▽
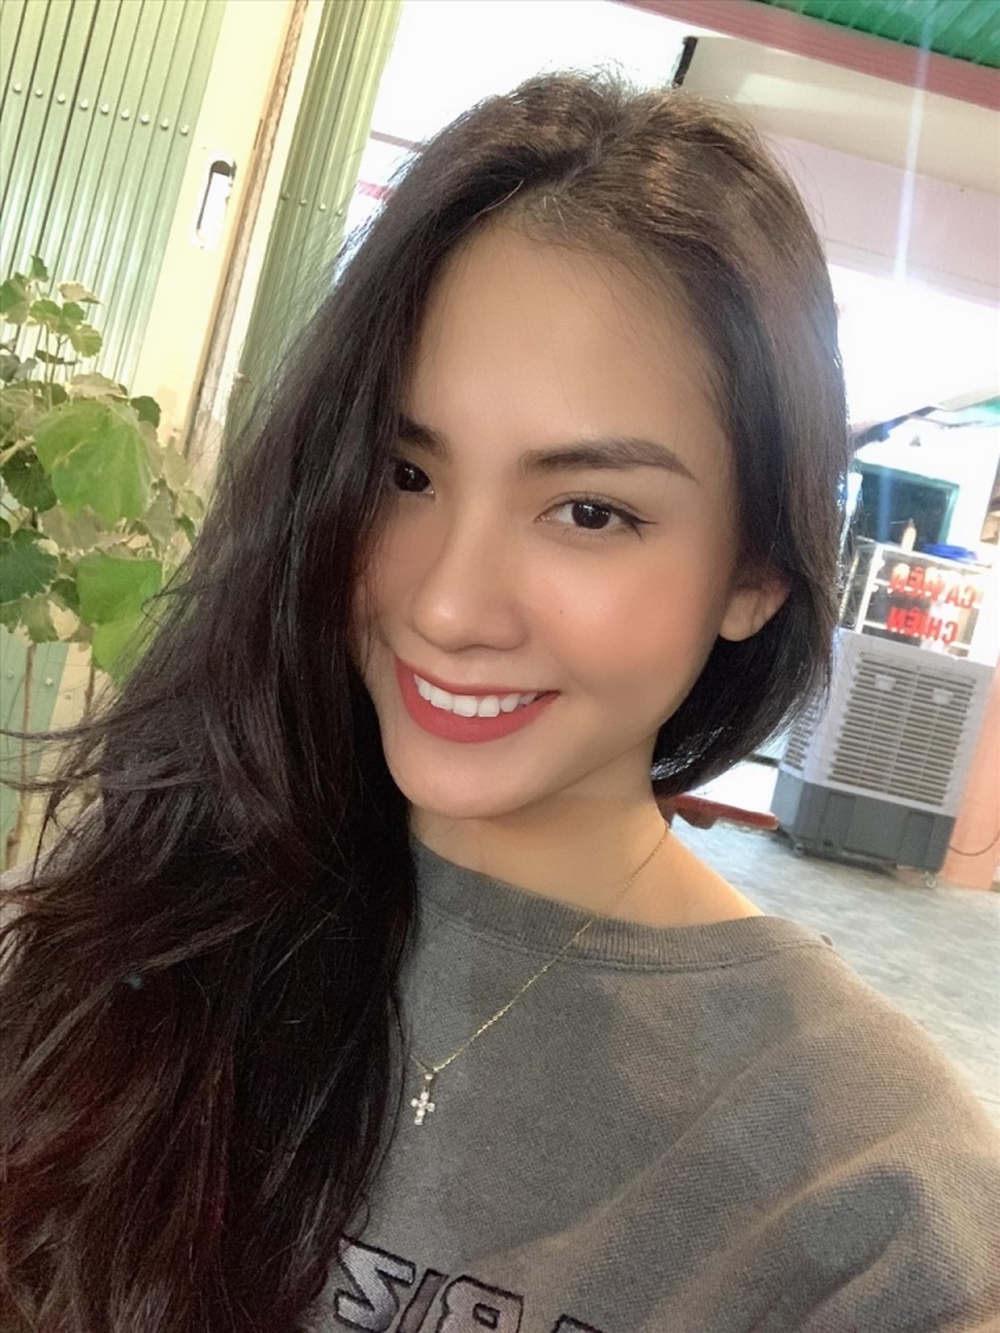 Sắc vóc cùng học vấn đáng nể của tân Hoa hậu Thế giới Việt Nam 2022 - ảnh 11
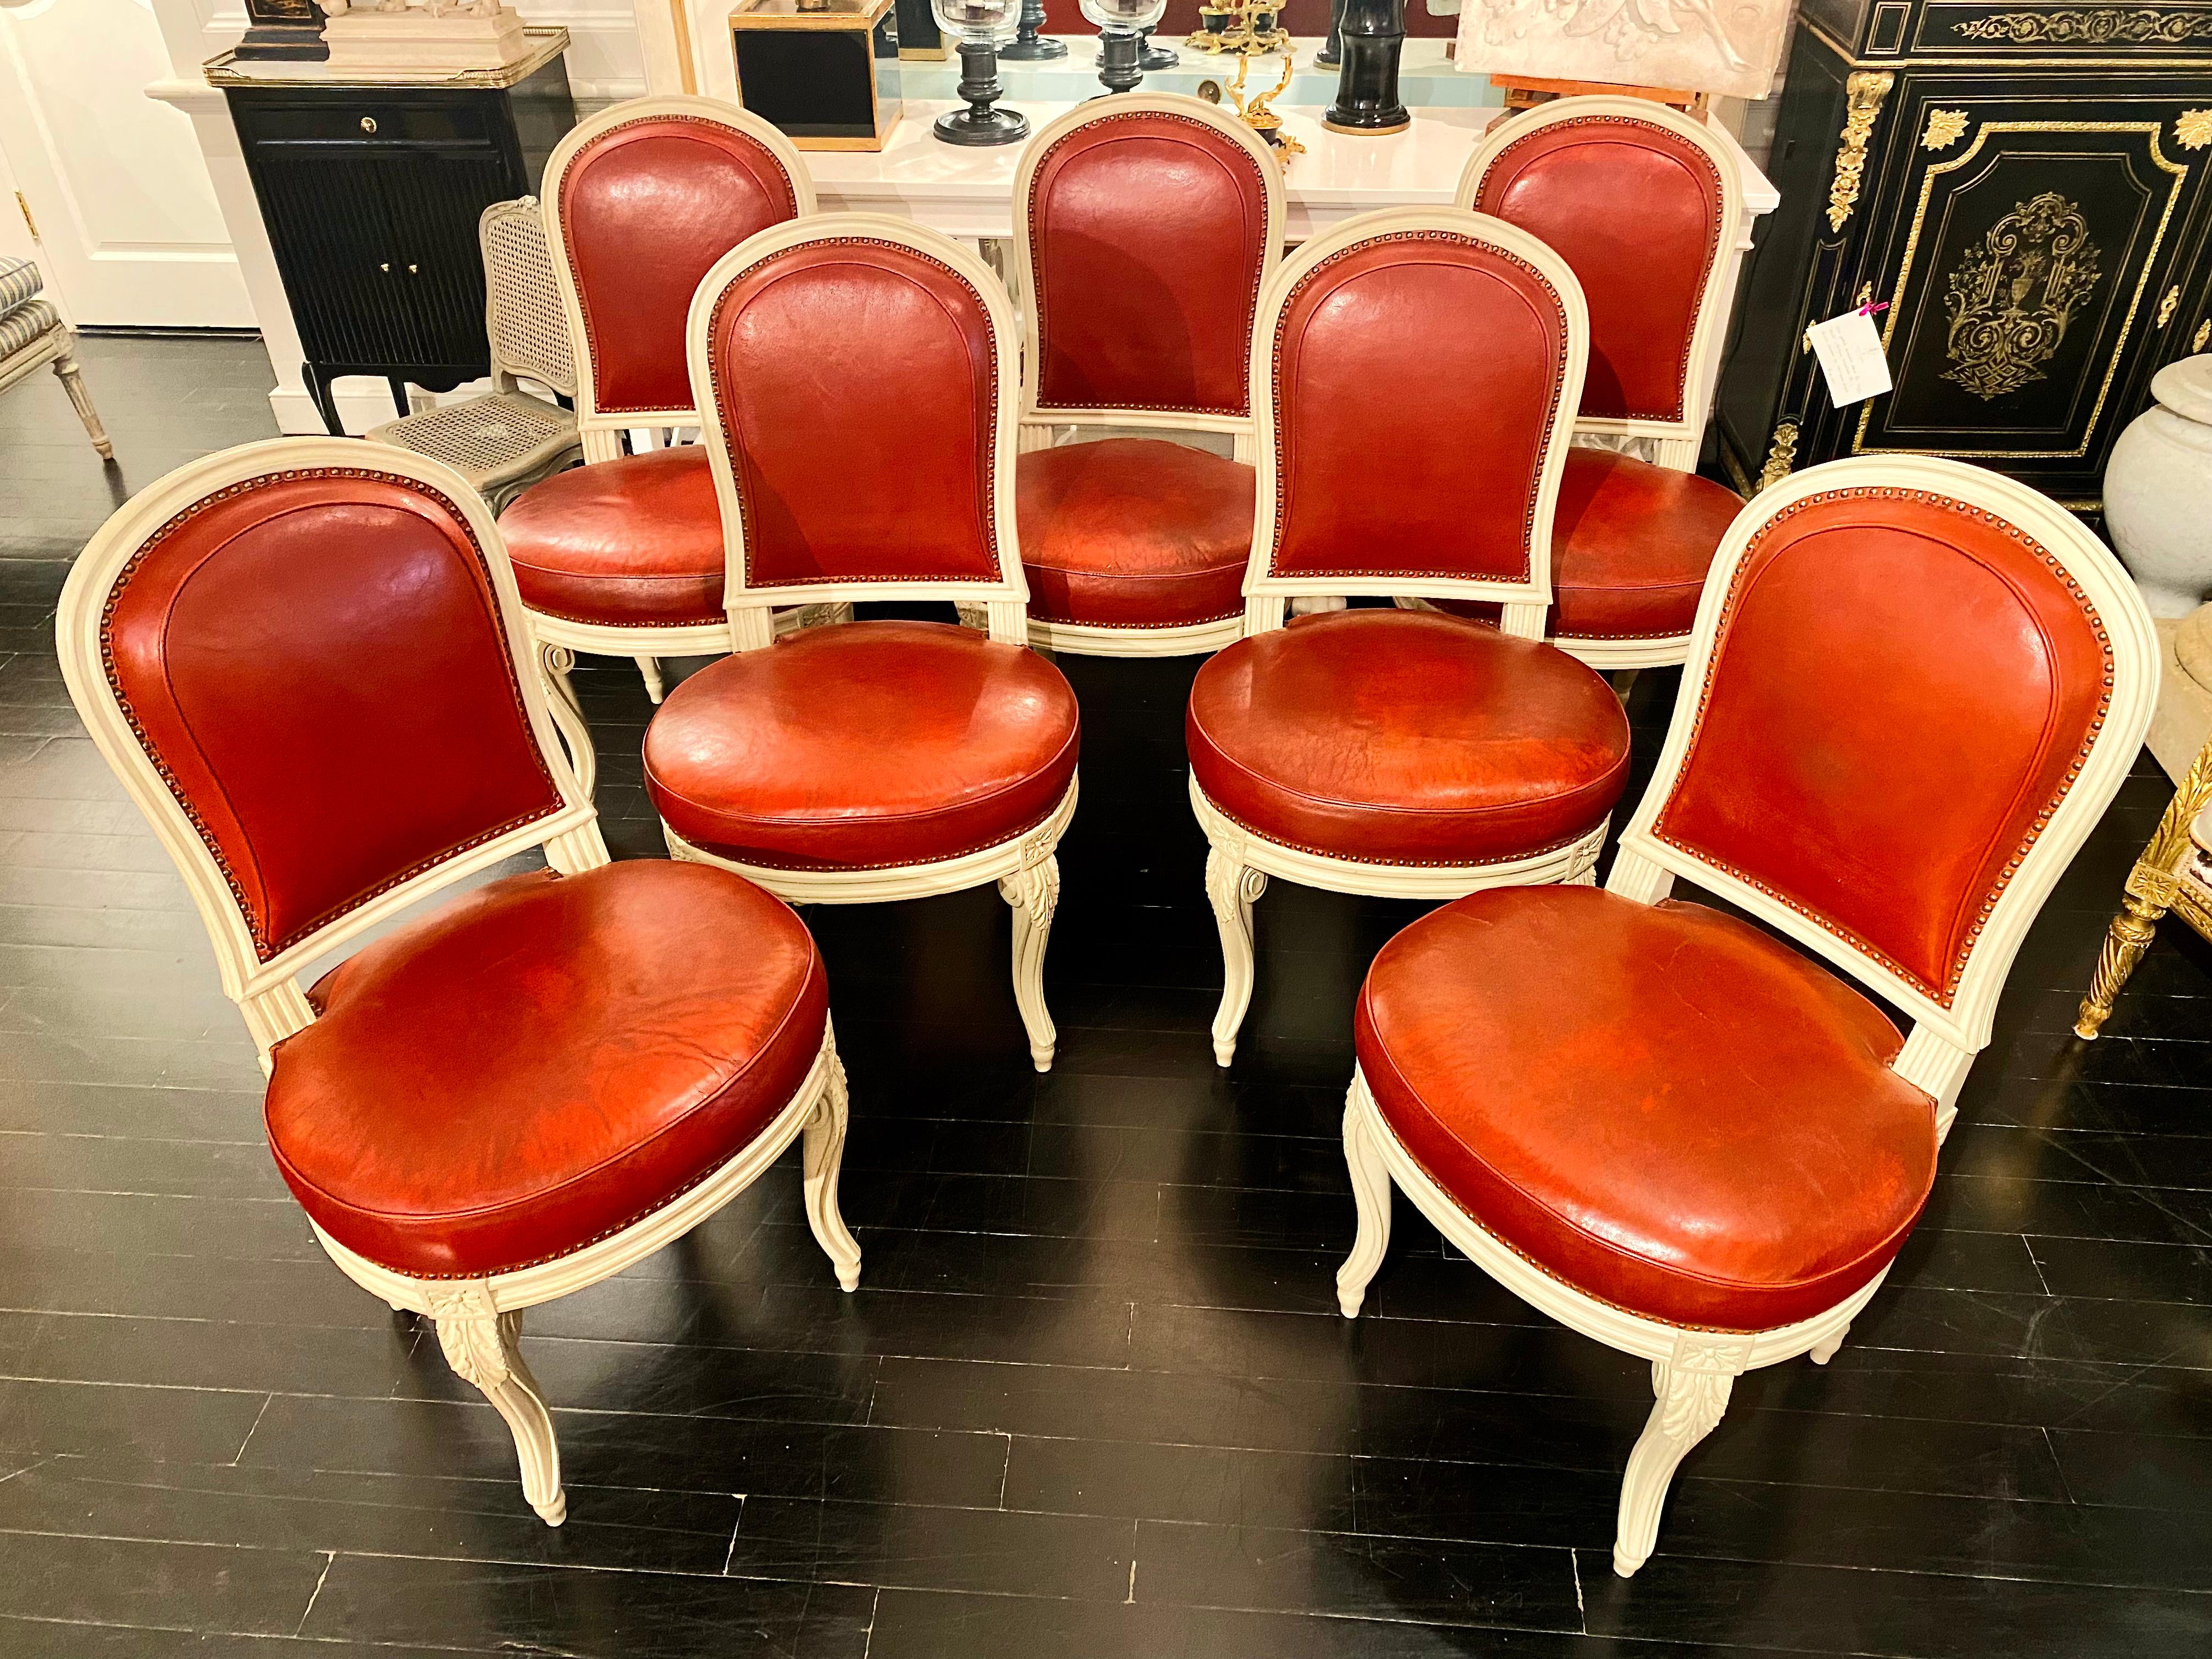 Französische Stühle im Louis XVI-Stil in der Art von Jacob, möglicherweise Maison Jansen.

Außergewöhnlicher Satz von sieben weiß patinierten Stühlen in der Art von Georges Jacob, mit butterweichen Lederbezügen in einem exquisiten dunkelroten Ton.
△
• TASK STATEMENT
Starting at the line that holds "Französische Stühle im" and stopping at the last line of the listing above, write out each line exactly as it appears, and omit the pictures.

• ANSWER TO THE EXERCISE
 Französische Stühle im Louis XVI-Stil in der Art von Jacob, möglicherweise Maison Jansen.

Außergewöhnlicher Satz von sieben weiß patinierten Stühlen in der Art von Georges Jacob, mit butterweichen Lederbezügen in einem exquisiten dunkelroten Ton.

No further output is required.